Friday, January 29, 2010

Music (and shtuff)

It's amazing how music can change how I feel.

On nights like tonight, when I'm feeling down, and worried, and nervous, and anxious I can turn on my iPod, turn on a band I know can make me feel better, and just get lost in the music. It's like it takes me away from all my problems, even if it's just for a little while. It makes me feel like someone out there knows how I'm feeling. And I can listen to certain songs that describe my feelings perfectly. Like it was written for me. It almost makes me feel connected to the artist.

But the same way that music can make me feel better, there are songs that bring back memories that just make me feel sad. They remind of things that I miss, or things that were bad at the time, and make me feel that way again.

I think tonight, I'm gonna listen to the first kind.



People-

I'm not a real big fan.
I'm sorry, but... I dunno how to explain it.
People bug me.

But also, I love people.
Sometimes, people you don't expect will say something and not even realize how much it can help you. The other day, I was in one of my 'moods' and someone who I worked with a few years ago for a couple months just made a small comment that really helped me. He's quite a bit older than me, but not an old guy... I don't talk to him all that often, but his small comment on Facebook just helped me see that other people go through all the same stuff I am.

I dunno, that's just what I've been thinking about tonight, ha ha.

1 comment:

  1. There's something about music that's unexplainable, and it's truly magnificent. Oh, and I recommend the band Passion Pit to lift spirits XD (probably the songs Little Secrets, Sleepyhead, or The Reeling)

    "On nights like tonight, when I'm feeling down, and worried, and nervous, and anxious I can turn on my iPod, turn on a band I know can make me feel better, and just get lost in the music."

    You ought to tell us what's causing this anxiety.

    Lastly, I think if you can learn to love people, life becomes sooo much easier. The goal you mentioned in your last post I think is an admirable one. Sometimes, at our lowest points in life, we learn things that become really important later on. I've come away from some of these low spots with an understanding of. . . well. . . people. Once you start to understand that we're all in this together, all experiencing the same things, and all just working to make it through, it makes loving everyone a lot easier. Of course there will always be people that you'll have a really time understanding or loving (Glenn Beck might be one of those people to me =P), but becoming completely selfless, and always trying to understand other people will really make life easier. Truly.

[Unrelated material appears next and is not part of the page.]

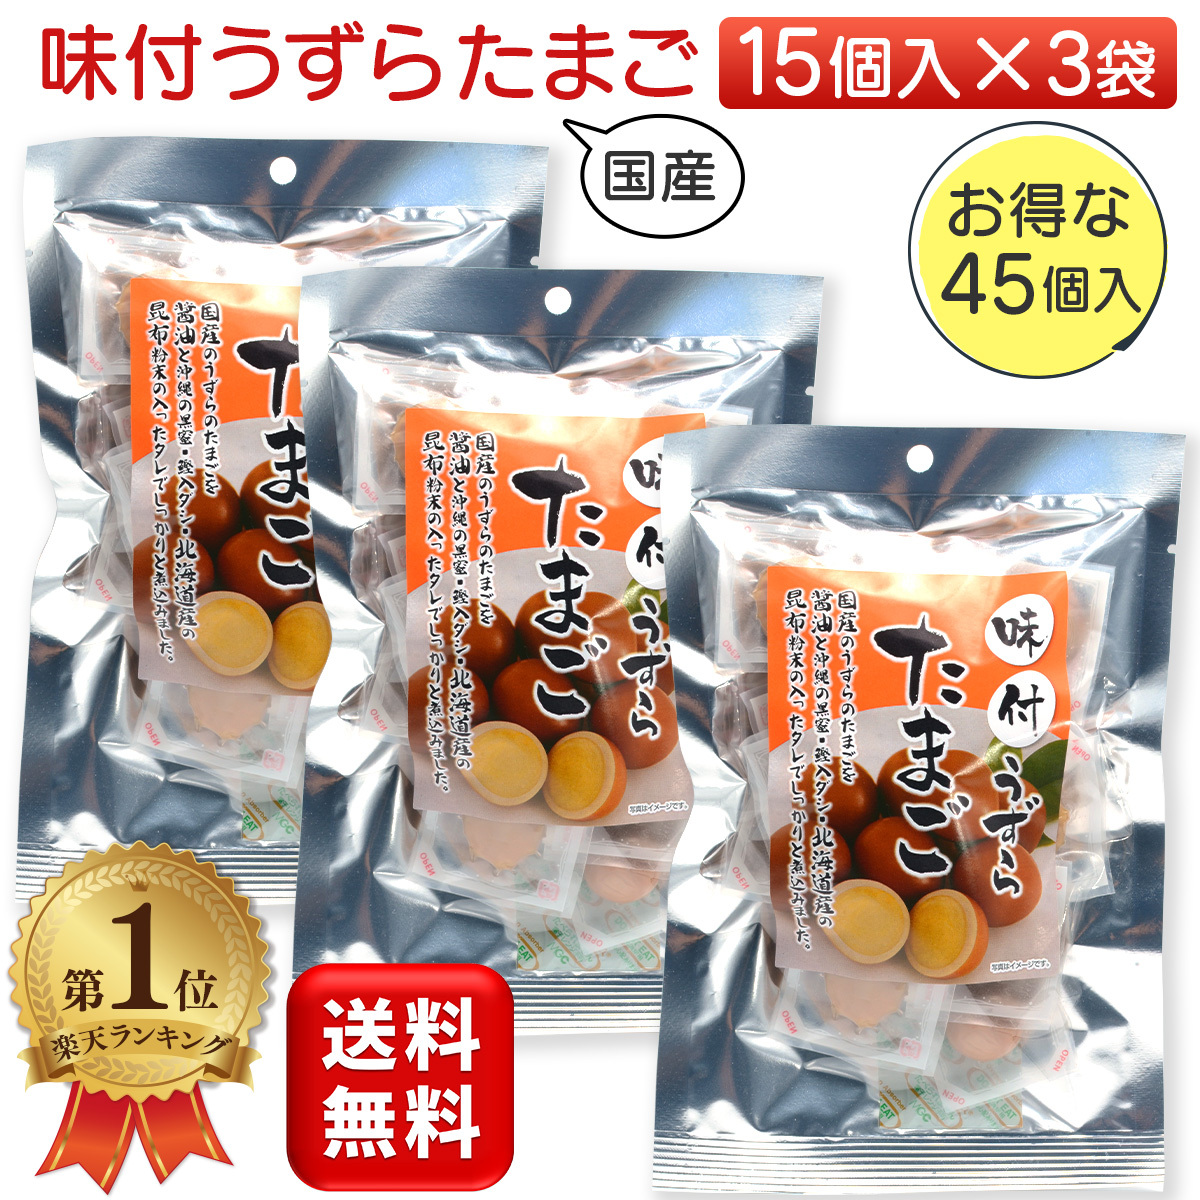 ♡国産♡北海道♡沖縄♡味付うずらたまご♡うずらの卵♡8個入 1袋♡ 通販

    Becoming humble, loving, and selfless are, to me, some of the most important things in this life.

    You may have read in one of my posts the comment about "ego-death." The author was using ego-death in reference to an effect from drugs, but there's a more realistic form of ego-death. It's when you can truly figure out that you're no better than anyone else, and that all of us are really one.

    It's a bit transcendentalist, but I like to think that there's a metaphysical connection between everyone and everything. Plants, animals, humans, the creations of humans. . . everything.

    It's a bit like Avatar ;) (Which coincidentally was inspired by ideas from eastern religions such as hinduism, jainism, and buddhism -- which were also the things that inspired the transcendentalist tendencies I have as well!)

    It's a bit cheesy saying "We're all in this together." But it's so true.